This provides the benefit of the external organization having full access and control of all resources, discussions, and knowledge shared in the event’s team once the event has completed.

Audio Conferencing

Some individuals may not have a computer with speakers and a microphone or be equipped with a headset. In that case, you will need to provide a dial-in number for the event. This will require that you have the “Audio Conferencing” license within your Microsoft Teams account (included in the Office 365 E5 plan).

Individuals that join in over their computer or mobile device will leverage voice over IP and do not require the Audio Conferencing license. In all cases people will utilize the Microsoft Teams client or a web browser to join the video, screen sharing, and collaboration aspects within Microsoft Teams.

For more information, see: Audio Conferencing in Microsoft 365


When inviting external participants, make sure you follow your organization’s privacy policies. At a minimum, make sure to disclose to the attendees that all members of the event will be able to see each others Name, Email Address, and anything they say and share within the various channels within the team.

Azure Subscription

Most of the hacks in the What The Hack collection require attendees to have “Contributor” access to an Azure subscription.
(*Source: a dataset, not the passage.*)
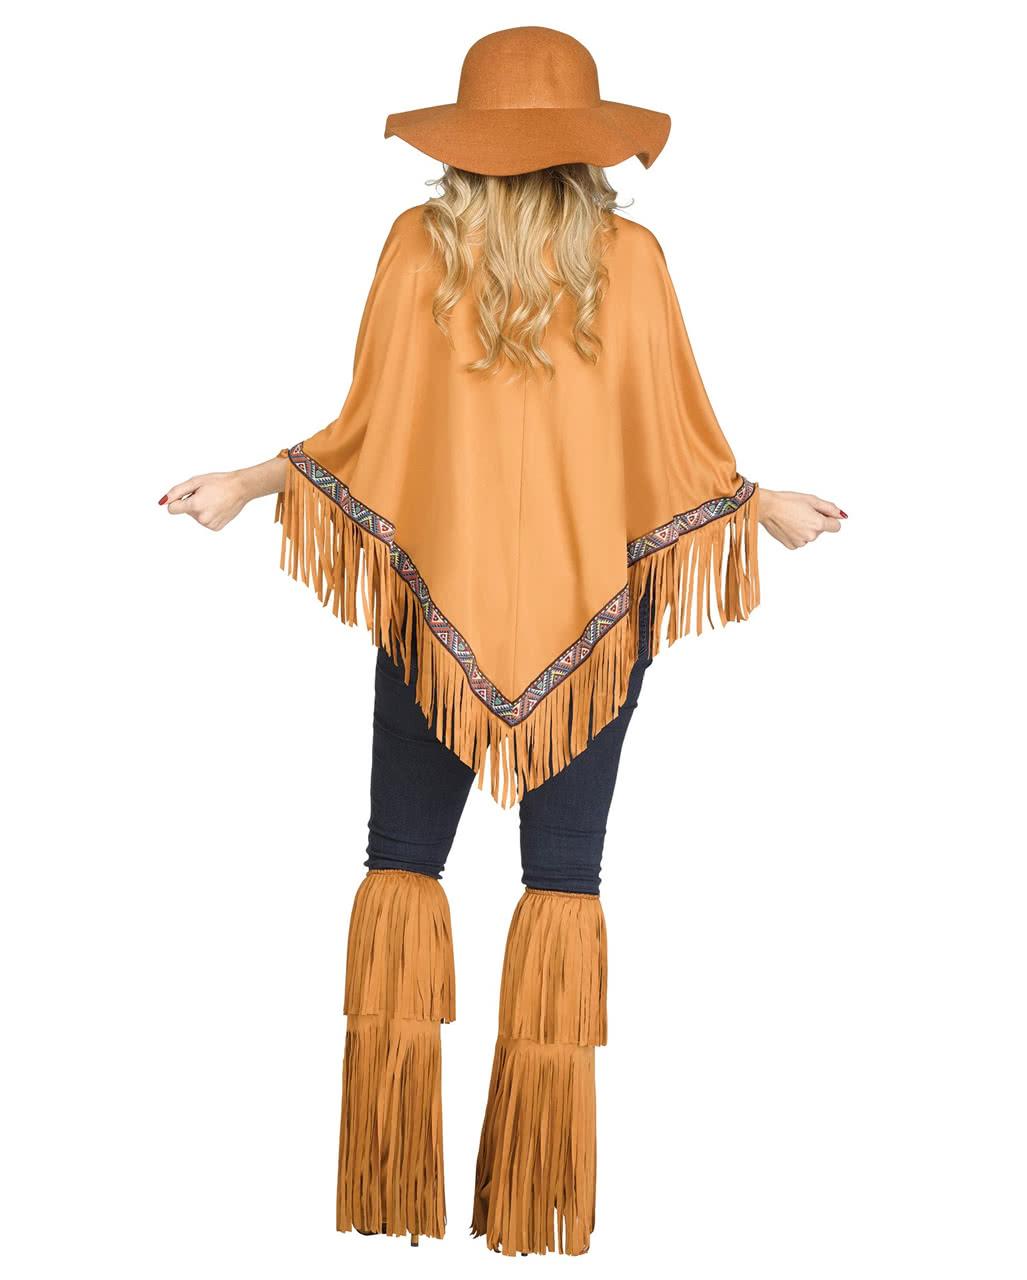 28005de06742d6 Indianerin Poncho braun | Mix & Match Kostüm | Horror-Shop.com

It is important to work with the event stakeholder to decide how attendees will access Azure. Some organizations may provide individuals with their own subscriptions. Other organizations may provide access to a shared subscription created specifically for attendees to use during the hack event.

If the organization provides the attendees with access to an Azure subscription, it is a good practice to share what the predicted cost of Azure resources used during the hack will be. No one wants a surprise bill at the end. It is also important to make sure the subscription is not tied to any Azure Policy definitions that may impact the creation of necessary resources.

If the organization is not providing access to an Azure subscription for the hack, attendees will need to provide there own.

If an attendee has a Visual Studio subscription, they can use the free Azure credits that come with it. Credit amounts vary by subscription level.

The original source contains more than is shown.